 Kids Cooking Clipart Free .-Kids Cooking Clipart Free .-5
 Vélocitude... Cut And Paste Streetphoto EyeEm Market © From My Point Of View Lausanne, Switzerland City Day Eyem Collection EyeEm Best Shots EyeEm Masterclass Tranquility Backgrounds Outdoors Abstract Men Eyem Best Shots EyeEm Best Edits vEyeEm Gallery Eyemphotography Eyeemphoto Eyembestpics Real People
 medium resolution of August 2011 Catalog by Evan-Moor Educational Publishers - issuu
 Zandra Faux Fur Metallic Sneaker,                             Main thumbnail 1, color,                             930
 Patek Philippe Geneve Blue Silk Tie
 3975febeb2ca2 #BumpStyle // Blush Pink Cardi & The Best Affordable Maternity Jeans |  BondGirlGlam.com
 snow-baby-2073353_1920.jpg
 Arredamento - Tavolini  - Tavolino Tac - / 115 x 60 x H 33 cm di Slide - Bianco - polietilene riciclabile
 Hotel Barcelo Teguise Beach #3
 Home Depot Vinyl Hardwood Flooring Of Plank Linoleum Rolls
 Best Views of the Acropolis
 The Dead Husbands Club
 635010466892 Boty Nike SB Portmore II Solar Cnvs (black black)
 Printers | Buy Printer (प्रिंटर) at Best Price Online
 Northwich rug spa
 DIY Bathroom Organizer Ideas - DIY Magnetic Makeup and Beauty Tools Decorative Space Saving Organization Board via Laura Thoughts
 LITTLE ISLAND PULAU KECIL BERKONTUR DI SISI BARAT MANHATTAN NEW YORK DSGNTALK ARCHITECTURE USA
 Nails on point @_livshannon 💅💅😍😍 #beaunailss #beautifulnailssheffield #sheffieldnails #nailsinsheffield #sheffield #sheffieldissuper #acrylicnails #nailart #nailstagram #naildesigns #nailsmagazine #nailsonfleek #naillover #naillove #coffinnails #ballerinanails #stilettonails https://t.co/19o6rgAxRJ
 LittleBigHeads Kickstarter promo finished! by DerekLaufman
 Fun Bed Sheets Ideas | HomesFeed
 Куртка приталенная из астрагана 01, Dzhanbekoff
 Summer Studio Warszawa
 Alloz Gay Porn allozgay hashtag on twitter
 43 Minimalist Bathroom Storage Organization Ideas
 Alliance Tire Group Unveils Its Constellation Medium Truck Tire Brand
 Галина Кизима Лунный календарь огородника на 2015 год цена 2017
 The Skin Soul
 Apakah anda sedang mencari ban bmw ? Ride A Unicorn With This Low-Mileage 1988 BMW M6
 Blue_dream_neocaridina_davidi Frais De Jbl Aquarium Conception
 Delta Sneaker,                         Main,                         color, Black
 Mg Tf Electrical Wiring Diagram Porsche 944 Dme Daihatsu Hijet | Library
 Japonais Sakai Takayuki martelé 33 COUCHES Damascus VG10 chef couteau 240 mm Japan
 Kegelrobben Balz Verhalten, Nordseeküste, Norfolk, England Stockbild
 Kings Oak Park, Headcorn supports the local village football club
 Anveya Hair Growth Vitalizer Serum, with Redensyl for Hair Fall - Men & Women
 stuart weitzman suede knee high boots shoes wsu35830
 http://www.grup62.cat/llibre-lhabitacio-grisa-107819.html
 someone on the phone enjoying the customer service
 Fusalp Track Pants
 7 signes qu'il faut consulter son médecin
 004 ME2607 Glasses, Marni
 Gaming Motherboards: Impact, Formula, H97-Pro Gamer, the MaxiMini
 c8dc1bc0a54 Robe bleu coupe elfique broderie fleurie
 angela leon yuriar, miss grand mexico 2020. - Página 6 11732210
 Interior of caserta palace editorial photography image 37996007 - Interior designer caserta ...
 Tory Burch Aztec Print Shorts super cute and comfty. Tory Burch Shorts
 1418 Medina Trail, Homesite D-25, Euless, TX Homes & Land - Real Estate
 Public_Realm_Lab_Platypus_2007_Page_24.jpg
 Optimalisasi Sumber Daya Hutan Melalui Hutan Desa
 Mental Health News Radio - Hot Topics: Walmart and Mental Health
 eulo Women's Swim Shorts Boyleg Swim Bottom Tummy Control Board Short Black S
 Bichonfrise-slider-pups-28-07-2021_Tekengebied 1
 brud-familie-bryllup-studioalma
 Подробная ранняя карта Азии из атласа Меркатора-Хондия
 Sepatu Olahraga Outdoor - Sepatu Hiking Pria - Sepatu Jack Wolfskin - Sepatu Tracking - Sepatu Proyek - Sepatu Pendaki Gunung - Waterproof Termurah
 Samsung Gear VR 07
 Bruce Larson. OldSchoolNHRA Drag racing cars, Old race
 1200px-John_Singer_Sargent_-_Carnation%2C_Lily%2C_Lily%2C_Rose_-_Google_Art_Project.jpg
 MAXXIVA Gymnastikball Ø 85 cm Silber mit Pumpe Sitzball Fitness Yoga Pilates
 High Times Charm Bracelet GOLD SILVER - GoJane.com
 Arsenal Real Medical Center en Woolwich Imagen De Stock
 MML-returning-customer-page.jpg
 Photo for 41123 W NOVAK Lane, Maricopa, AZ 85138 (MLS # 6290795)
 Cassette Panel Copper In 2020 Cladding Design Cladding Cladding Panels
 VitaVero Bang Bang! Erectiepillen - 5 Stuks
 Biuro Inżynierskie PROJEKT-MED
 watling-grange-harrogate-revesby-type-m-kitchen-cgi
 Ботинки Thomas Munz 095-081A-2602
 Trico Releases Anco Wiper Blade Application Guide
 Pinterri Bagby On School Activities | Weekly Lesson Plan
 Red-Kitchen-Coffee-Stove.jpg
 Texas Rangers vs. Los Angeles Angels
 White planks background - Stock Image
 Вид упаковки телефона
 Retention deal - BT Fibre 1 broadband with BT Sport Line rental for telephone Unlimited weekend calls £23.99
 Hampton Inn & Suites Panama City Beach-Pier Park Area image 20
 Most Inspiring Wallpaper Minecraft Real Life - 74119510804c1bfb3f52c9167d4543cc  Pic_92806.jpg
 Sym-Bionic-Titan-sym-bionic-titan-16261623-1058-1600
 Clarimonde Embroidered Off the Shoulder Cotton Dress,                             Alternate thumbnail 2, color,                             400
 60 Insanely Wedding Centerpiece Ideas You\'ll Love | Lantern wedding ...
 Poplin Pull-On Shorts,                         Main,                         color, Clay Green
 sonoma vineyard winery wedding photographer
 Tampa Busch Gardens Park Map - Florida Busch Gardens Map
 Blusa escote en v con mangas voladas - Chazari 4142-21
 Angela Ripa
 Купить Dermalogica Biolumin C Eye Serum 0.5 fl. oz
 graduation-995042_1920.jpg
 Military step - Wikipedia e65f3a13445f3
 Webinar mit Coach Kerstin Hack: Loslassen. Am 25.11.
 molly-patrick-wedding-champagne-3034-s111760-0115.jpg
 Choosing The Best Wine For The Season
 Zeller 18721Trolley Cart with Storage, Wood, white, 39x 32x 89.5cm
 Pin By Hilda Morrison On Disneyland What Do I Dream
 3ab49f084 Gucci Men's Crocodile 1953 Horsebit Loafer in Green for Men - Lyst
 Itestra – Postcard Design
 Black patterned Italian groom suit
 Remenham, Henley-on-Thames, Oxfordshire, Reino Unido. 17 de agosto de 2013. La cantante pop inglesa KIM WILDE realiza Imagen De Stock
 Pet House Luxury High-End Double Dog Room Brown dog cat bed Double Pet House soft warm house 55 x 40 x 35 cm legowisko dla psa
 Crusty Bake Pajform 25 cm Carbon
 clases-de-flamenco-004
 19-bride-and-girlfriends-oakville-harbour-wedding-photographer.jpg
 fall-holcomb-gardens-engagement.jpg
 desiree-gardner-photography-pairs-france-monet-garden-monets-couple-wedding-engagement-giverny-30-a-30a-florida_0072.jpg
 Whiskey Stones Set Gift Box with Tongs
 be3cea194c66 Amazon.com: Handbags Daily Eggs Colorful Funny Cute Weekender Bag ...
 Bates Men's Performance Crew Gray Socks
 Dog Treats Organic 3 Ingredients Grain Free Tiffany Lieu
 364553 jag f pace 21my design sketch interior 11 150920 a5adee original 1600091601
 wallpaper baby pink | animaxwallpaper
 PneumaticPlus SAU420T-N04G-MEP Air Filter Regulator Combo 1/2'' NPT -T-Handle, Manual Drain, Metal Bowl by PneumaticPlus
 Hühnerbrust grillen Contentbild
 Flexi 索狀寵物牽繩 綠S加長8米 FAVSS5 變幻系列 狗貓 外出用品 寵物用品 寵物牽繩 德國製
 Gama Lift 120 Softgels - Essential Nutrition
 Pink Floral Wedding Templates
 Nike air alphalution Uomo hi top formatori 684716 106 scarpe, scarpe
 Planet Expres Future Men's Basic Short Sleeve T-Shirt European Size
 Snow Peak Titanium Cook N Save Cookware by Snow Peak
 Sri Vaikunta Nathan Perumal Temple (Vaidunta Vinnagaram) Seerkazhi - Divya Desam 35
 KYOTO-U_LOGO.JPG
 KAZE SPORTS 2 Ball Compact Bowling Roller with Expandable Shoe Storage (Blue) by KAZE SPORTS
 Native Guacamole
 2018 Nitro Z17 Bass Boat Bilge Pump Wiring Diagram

▸ PROBLEM STATEMENT
Working from the entries above, return all lines that contain "Diagram".

▸ RESULT OF THIS EXERCISE
 Mg Tf Electrical Wiring Diagram Porsche 944 Dme Daihatsu Hijet | Library
 2018 Nitro Z17 Bass Boat Bilge Pump Wiring Diagram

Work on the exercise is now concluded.